About Daniel Tang

Daniel Tang was born in Canada and is the son of immigrants who left China to pursue higher education and opportunities for a better life. Settling in Portland, Oregon, Daniel was deeply influenced by his father’s admiration for American entrepreneurs and his mother’s love for the region’s abundant wildlife. In high school, Daniel explored these interests at the Oregon Health and Sciences University, where his work in the lab of Claudio Mello sparked his fascination with the brain and exposed him to the connection between research and patient care.

Daniel’s early influences instilled in him both a desire to build for others and a love for biology and neuroscience. He would combine these passions as a bioengineering undergraduate at Stanford, where he joined the lab of Karl Deisseroth. In the lab, Daniel was inspired by the power of interdisciplinary technologies to uncover new insights about the brain. He would develop and apply several novel bioengineering tools, including a non-invasive light-based pacemaker, to explore fundamental neuroscience questions, such as the neural mechanisms behind delayed reward-seeking behavior and how encoding of cardiac state in the brain influences learning and decision-making. His research led to coauthored publications in Cell and Nature, as well as him receiving the Firestone Medal at Stanford. 

In his junior year of college, Daniel’s grandmother suffered a major stroke. Greatly affected by this news, Daniel channeled his efforts toward creating a real-world solution for patients like his grandma. He joined an early-stage startup, Zeit Medical, and drew on his background in neuroscience and engineering to create wearable medical devices that use machine learning to detect oncoming strokes. 

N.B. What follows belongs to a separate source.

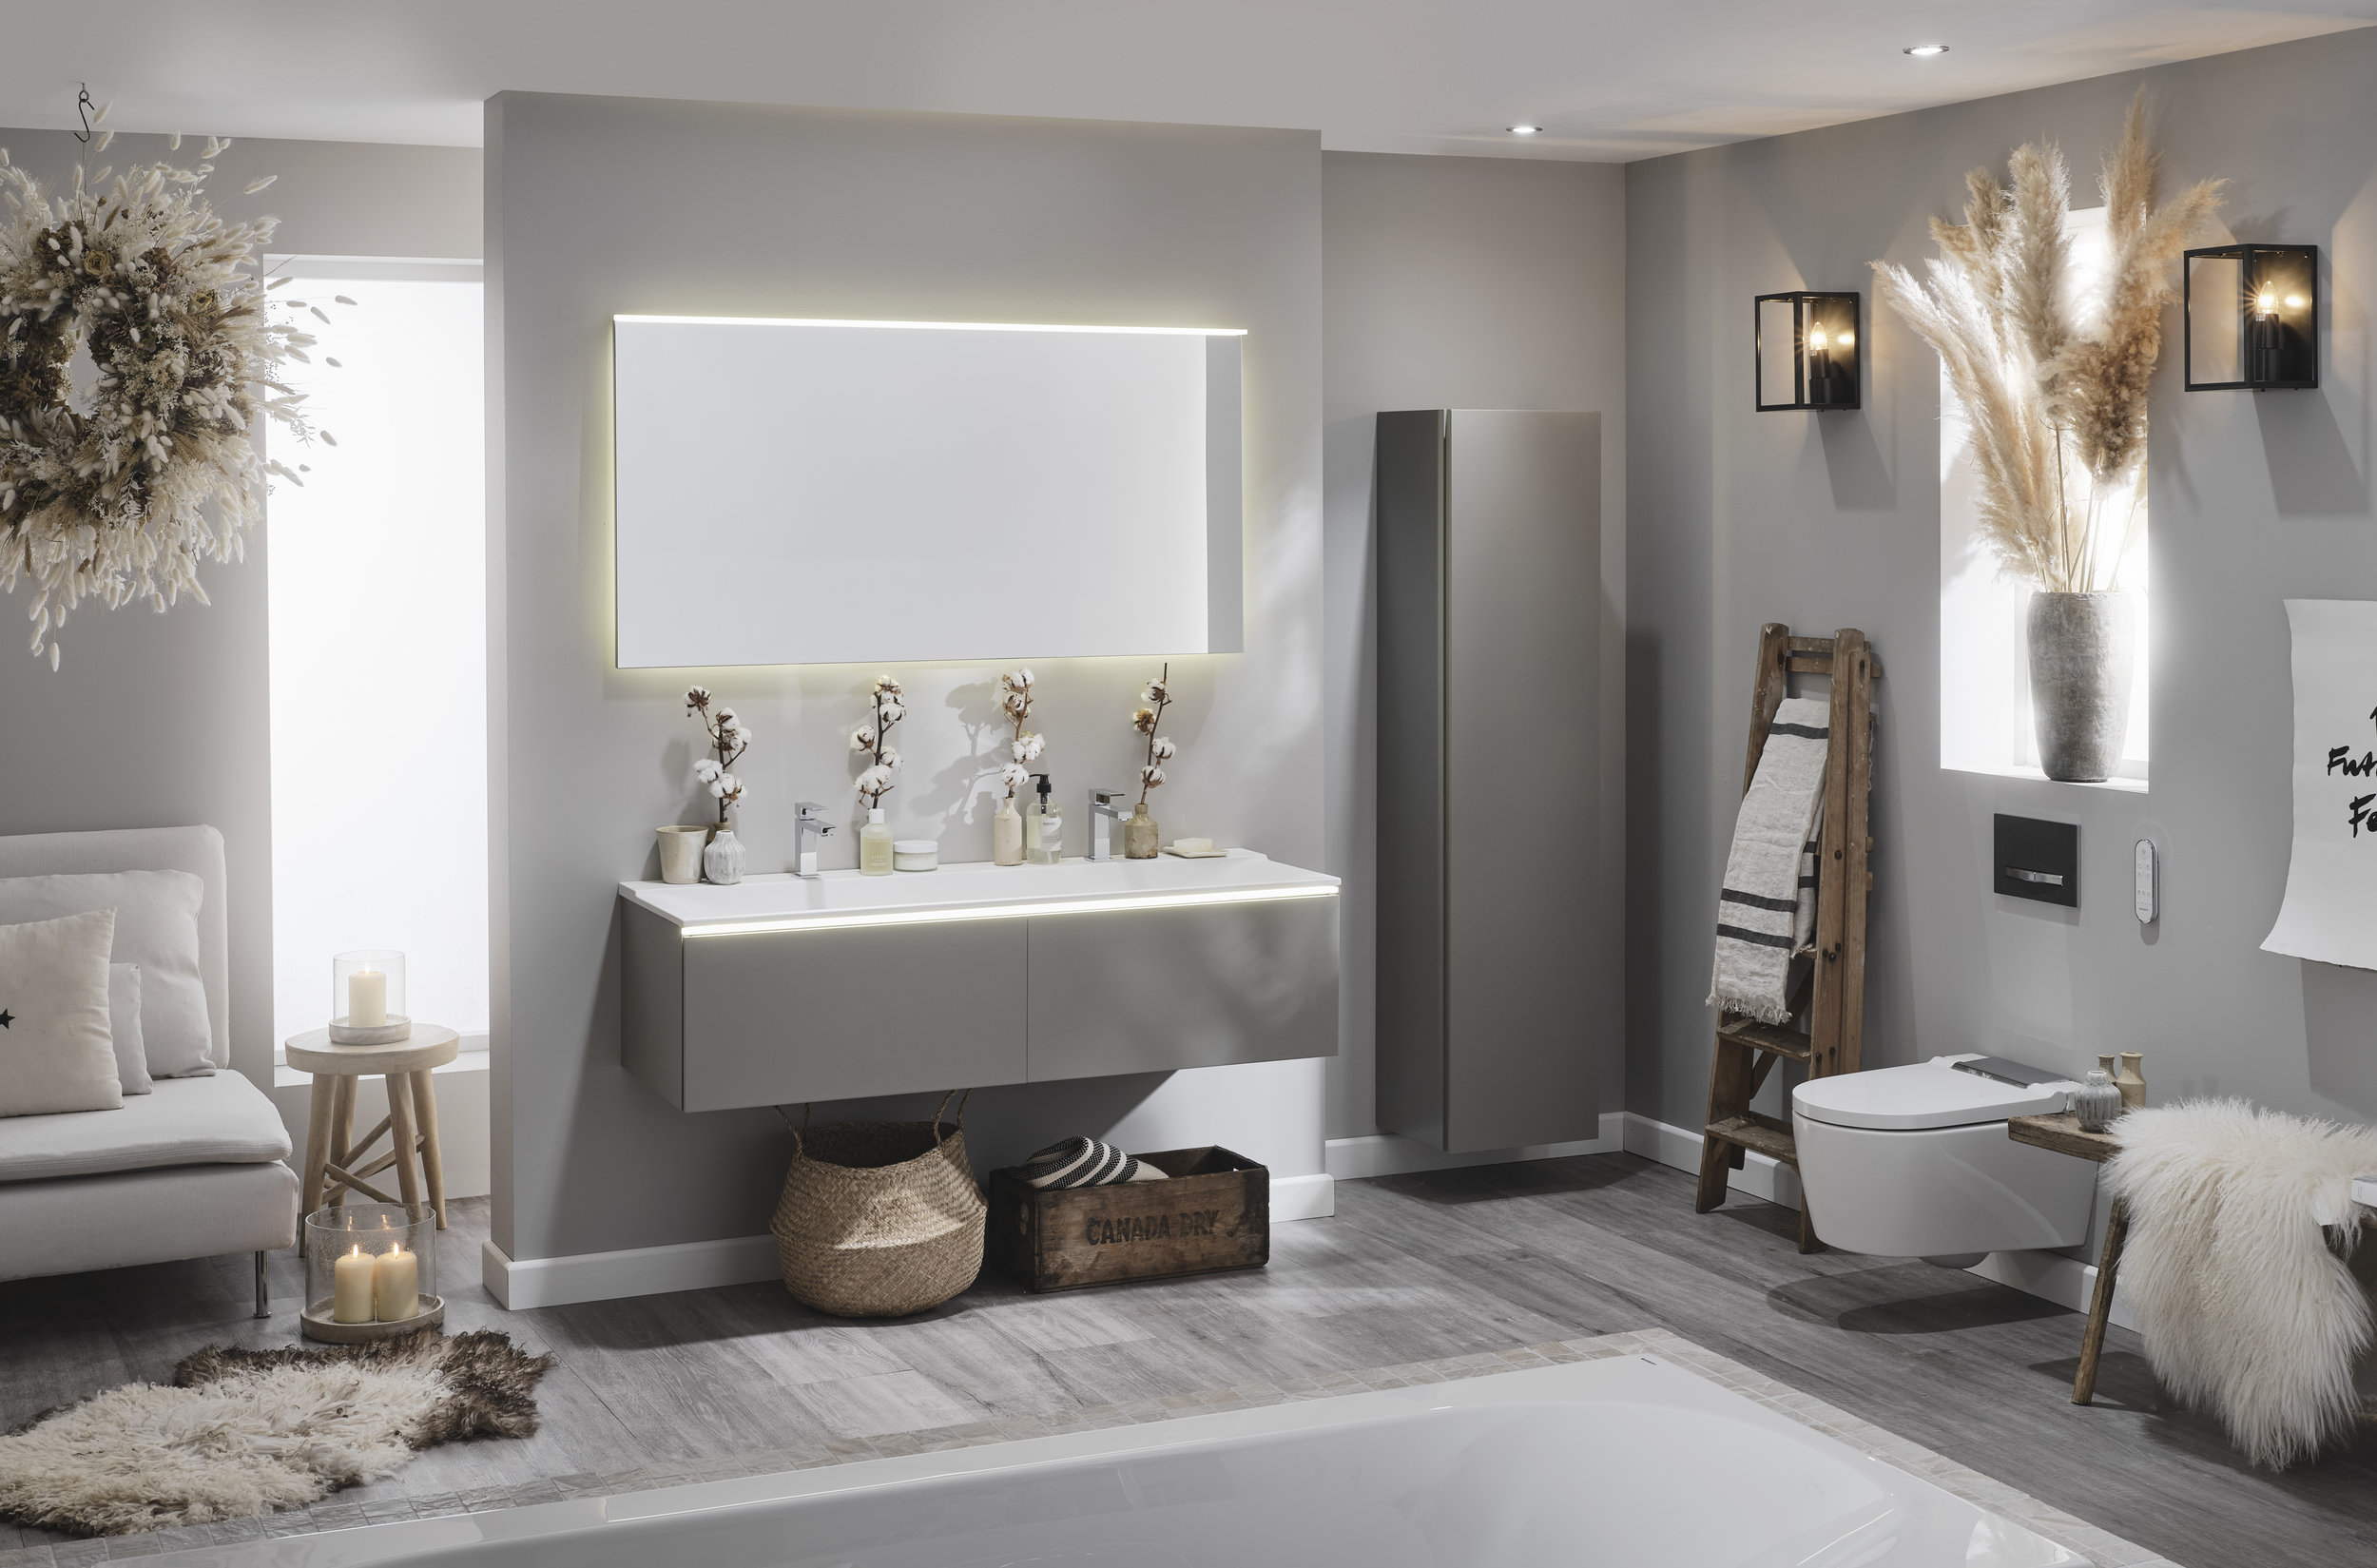 My Rustic Scandi Dream Bathroom scheme
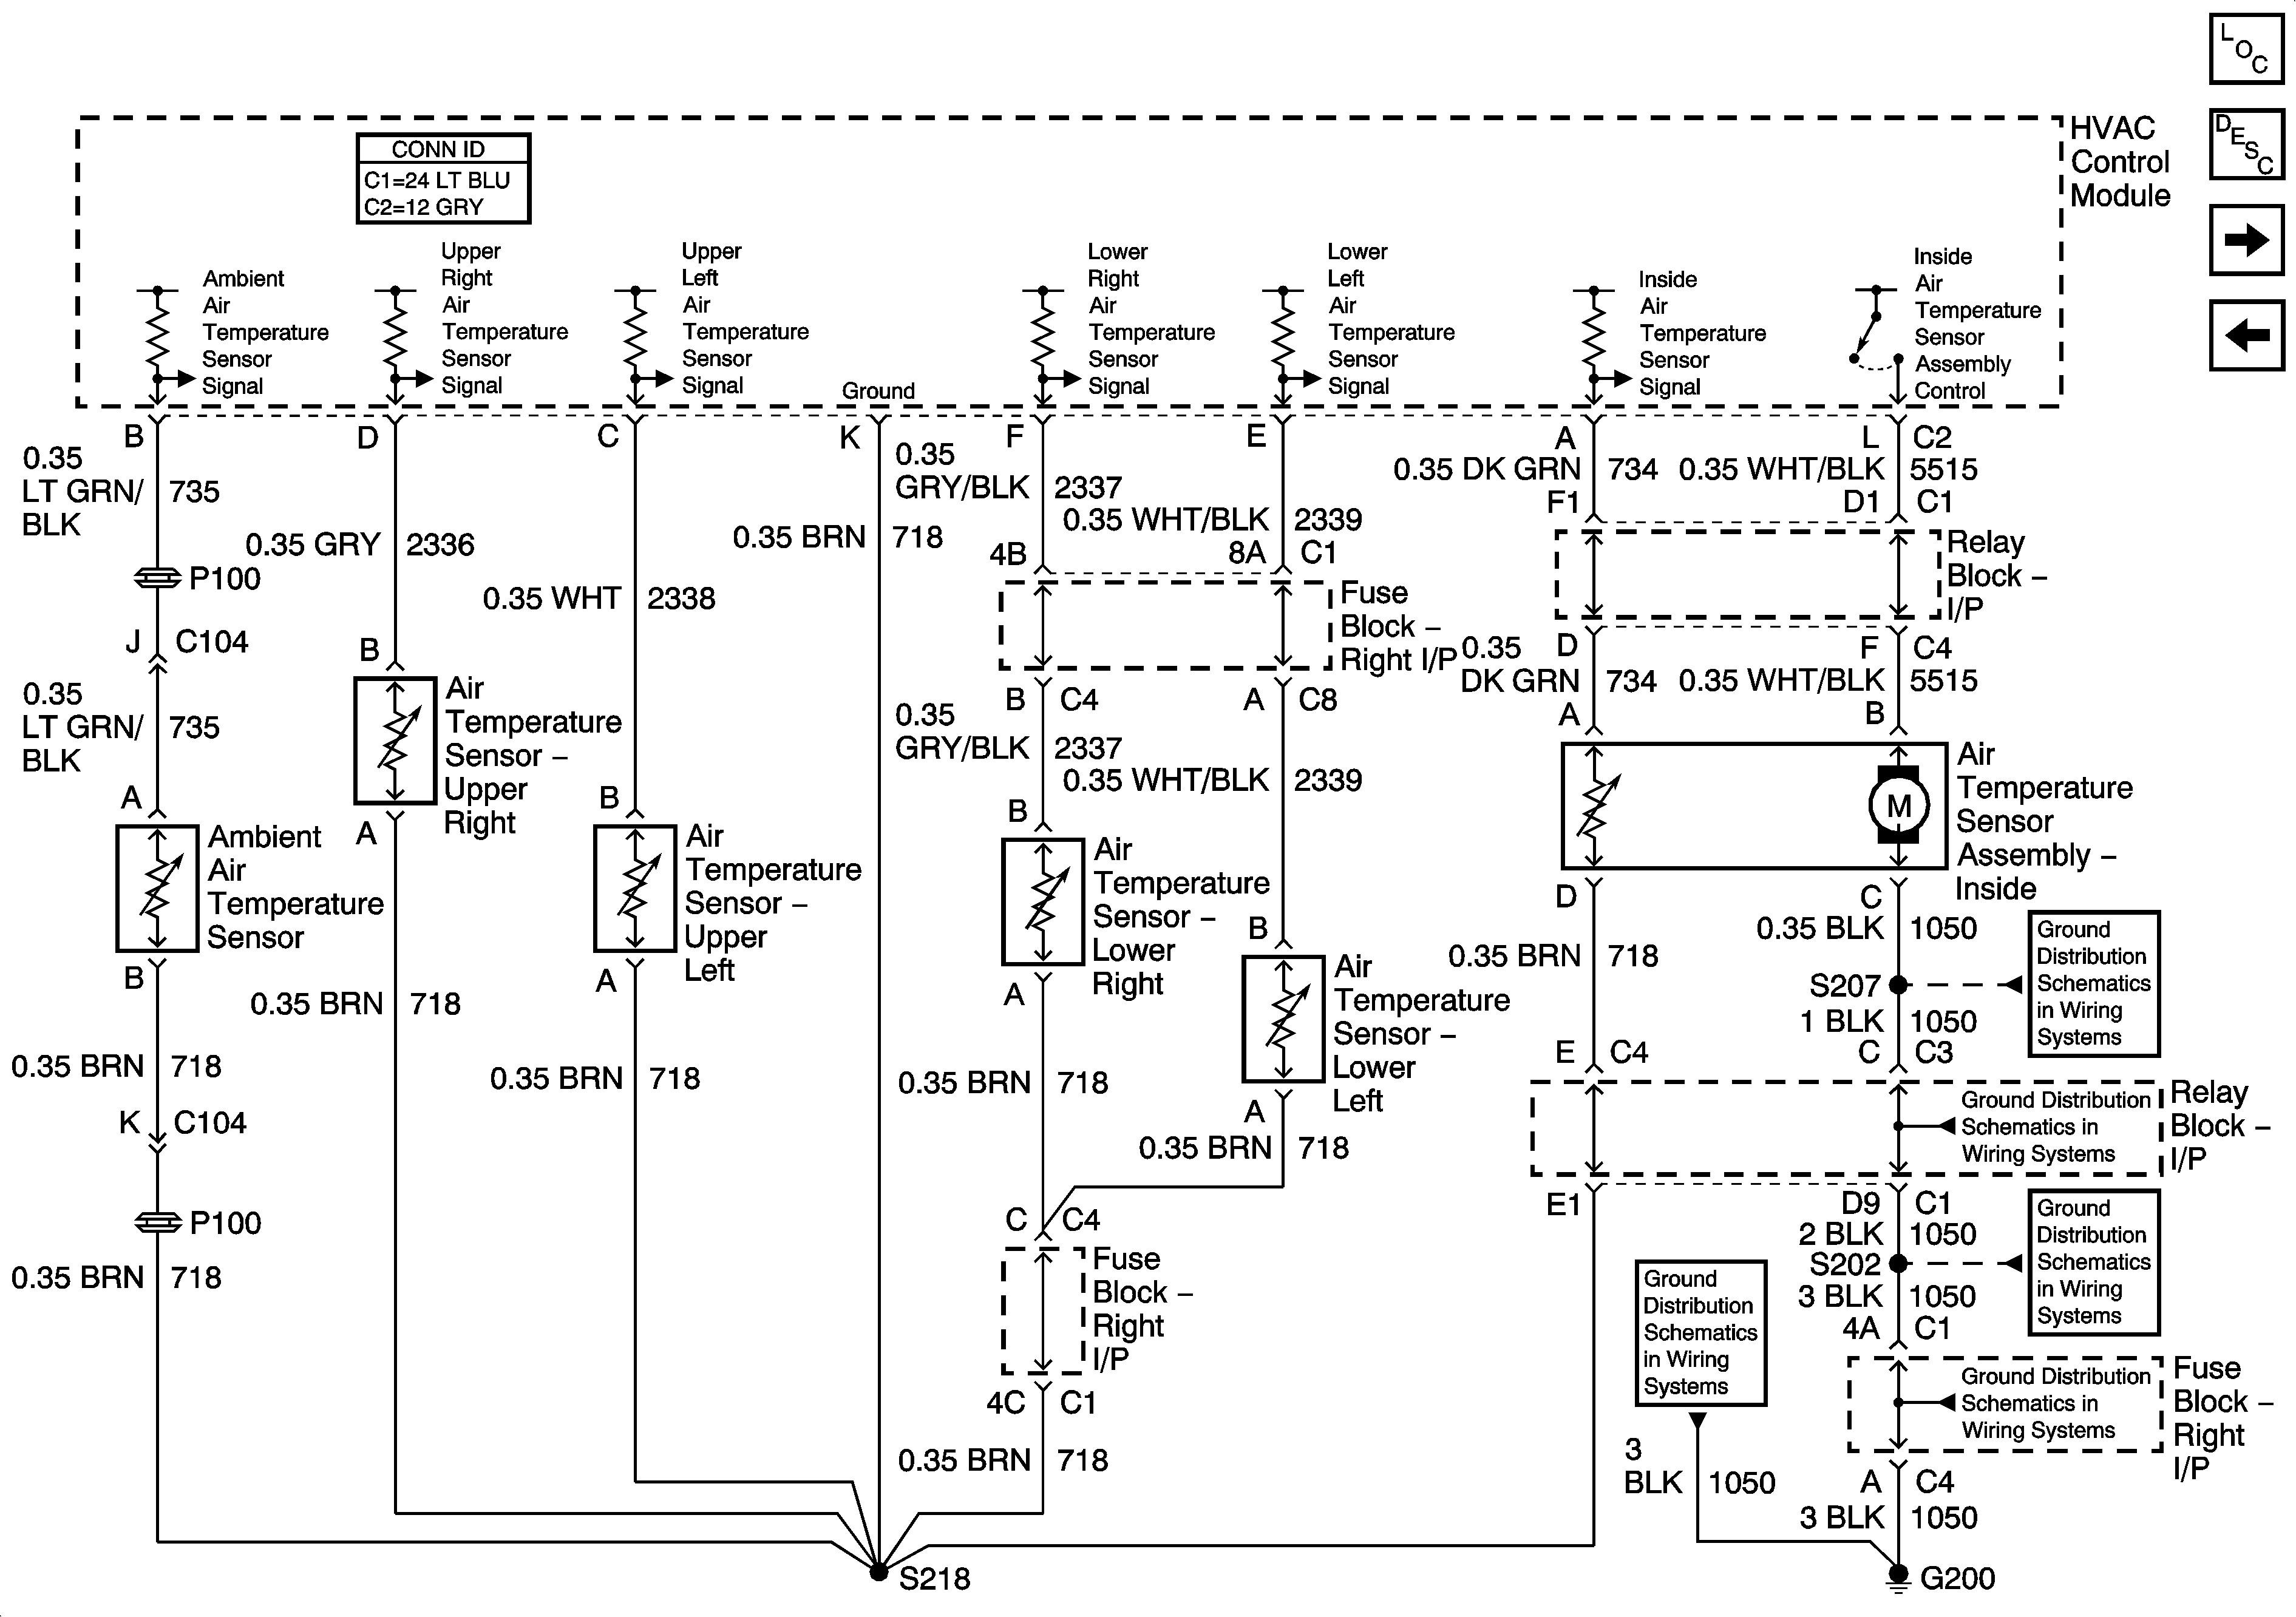 2003 chevy trailblazer radio wiring diagram gs 3640  2003 chevrolet trailblazer radio wiring diagram schematic  2003 chevrolet trailblazer radio wiring

Graduating from Stanford bioengineering summa cum laude and with a master’s in computer science, Daniel is now pursuing physician scientist training in the UCLA-Caltech MD/PhD program. Under the guidance of Mikhail Shapiro (2004 Fellow) at Caltech, Daniel is developing cell-based therapies that can be dynamically controlled in the body with non-invasive ultrasound. He hopes that these technologies, which enable precise control of the therapy once delivered into the body, will pave the way for new medicines that are more effective, produce minimal off-target side effects, and eliminate the need for invasive procedures. Outside of research, Daniel has founded a surgery workshop organization at his medical school, leads education initiatives as codirector of the MD/PhD mentorship committee, and is a cohost of the Double Docs podcast, which sheds light on the MD/PhD pathway for future trainees. 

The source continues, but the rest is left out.